Editorial: Is this too much of a good thing?
Tuesday, Feb. 24, 1998 | 11:21 a.m.
Anyone who has held down a job while also going to school at the same time must marvel at UNLV student Eric Coyle, who is taking more courses and pursuing more bachelor's degrees than anyone else in the university's history.
As the SUN's Steve Kanigher documented in an in-depth report on Sunday, Coyle is taking four times the normal course load for a full-time student at UNLV.
If all goes according to plan, Coyle will graduate with five separate bachelor's degrees.
This feat may stand out as a record that may never be broken at UNLV, analagous to baseball great Joe DiMaggio's 56-game hitting streak. But some academic experts question whether it is a record worth attaining.

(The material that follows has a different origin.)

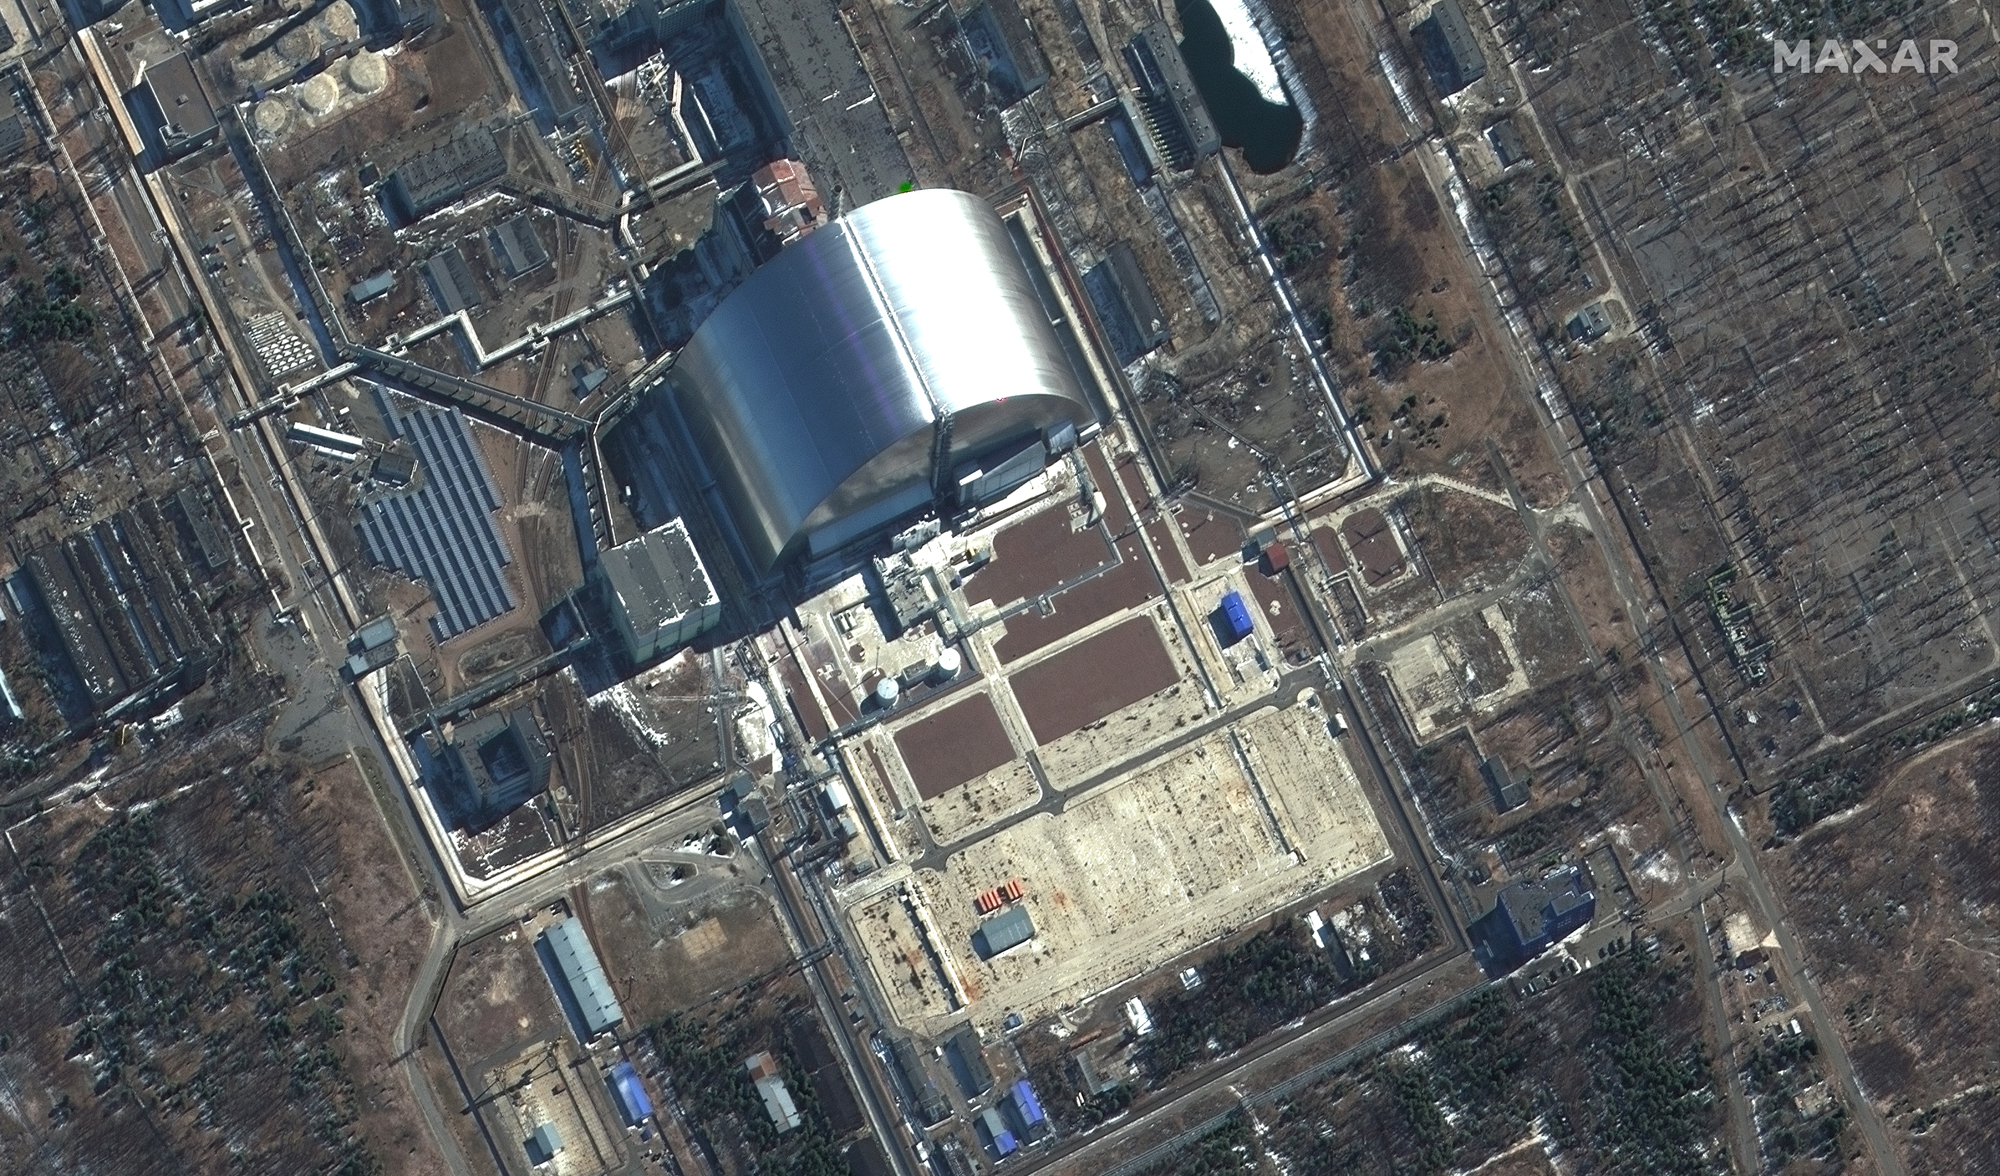 Zbliżenie na sarkofag przykrywający nieczynny reaktor jądrowy w elektrowni w Czernobu – zdjęcie z 10 marca 2022. Źródło: ©2022 Maxar Technologies

"You have no time to study if you go to school all the time. How in the world can he possibly be doing that?" Wayne Becraft, executive director of the American Association of Collegiate Registrars and Admissions Officers, says. "If he's able to pull it off, in some ways it isn't a good statement about the rigor of the courses he's in," Jack Warner, vice chancellor of the Massachusetts Board of Higher Education, says. "But he must be doing something right. If he's able to do it, in one sense you say more power to him, but it would certainly raise questions about the (academic) standards."
The question isn't whether the dean's honor list student is a bright enough individual, the question is how bright is the university for letting Coyle embark on his quest.
A university's mission is to provide students a top-flight education. But the quality of that education is bound to diminish if a student is allowed to take too many courses. Students should be encouraged to take rigorous and demanding classes, but UNLV should consider whether quantity is necessarily synonymous with quality.